From: Rafael J. Wysocki
Date: Mon Feb 22 2016 - 16:46:27 EST


On Mon, Feb 22, 2016 at 11:52 AM, Peter Zijlstra <peterz@xxxxxxxxxxxxx> wrote:
> On Fri, Feb 19, 2016 at 09:28:23AM -0800, Steve Muckle wrote:
>> On 02/19/2016 08:42 AM, Srinivas Pandruvada wrote:
>> > We did experiments using util/max in intel_pstate. For some benchmarks
>> > there were regression of 4 to 5%, for some benchmarks it performed at
>> > par with getting utilization from the processor. Further optimization
>> > in the algorithm is possible and still in progress. Idea is that we can
>> > change P-State fast enough and be more reactive. Once I have good data,
>> > I will send to this list. The algorithm can be part of the cpufreq
>> > governor too.
>>
>> There has been a lot of work in the area of scheduler-driven CPU
>> frequency selection by Linaro and ARM as well. It was posted most
>> recently a couple months ago:
>>
>> http://thread.gmane.org/gmane.linux.power-management.general/69176
>>
>> It was also posted as part of the energy-aware scheduling series last
>> July. There's a new RFC series forthcoming which I had hoped (and
>> failed) to post prior to my business travel this week; it should be out
>> next week.
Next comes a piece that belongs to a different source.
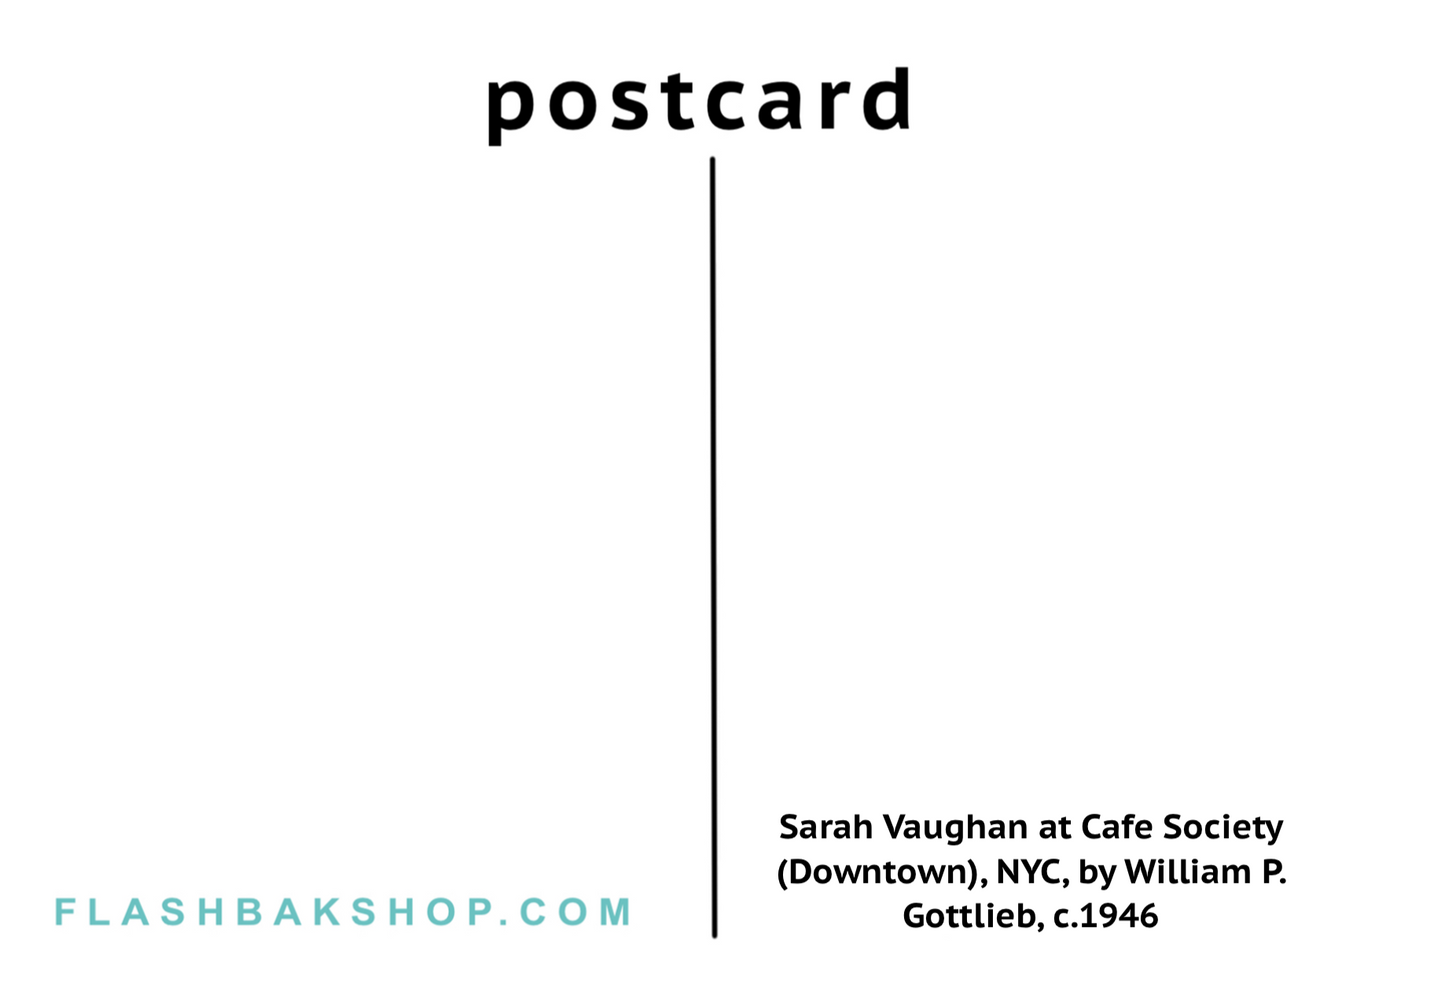 Sarah Vaughan au Cafe Society (Downtown), NYC par William P. Gottlieb, vers 1946 - Carte postale

It will address the feedback received thus far along with
>> locking and other things.
>
> Right, so I had a wee look at that again, and had a quick chat with Juri
> on IRC. So the main difference seems to be that you guys want to know
> why the utilization changed, as opposed to purely _that_ it changed.
>
> And hence you have callbacks all over the place.
>
> I'm not too sure I really like that too much, it bloats the code and
> somewhat obfuscates the point.
>
> So I would really like there to be just the one callback when we
> actually compute a new number, and that is update_load_avg().
>
> Now I think we can 'easily' propagate the information you want into
> update_load_avg() (see below), but I would like to see actual arguments
> for why you would need this.
>
> For one, the migration bits don't really make sense. We typically do not
> call migration code local on both cpus, typically just one, but possibly
> neither. That means you cannot actually update the relevant CPU state
> from these sites anyway.
>
>> The scheduler hooks for utilization-based cpufreq operation deserve a
>> lot more debate I think. They could quite possibly have different
>> requirements than hooks which are chosen just to guarantee periodic
>> callbacks into sampling-based governors.
>
> I'll repeat what Rafael said, the periodic callback nature is a
> 'temporary' hack, simply because current cpufreq depends on that.
>
> The idea is to wane cpufreq off of that requirement and then drop that
> part.

Right and I can see at least a couple of ways to do that, but it'll
depend on where the final hooks will be located and what arguments
they will pass.

Thanks,
Rafael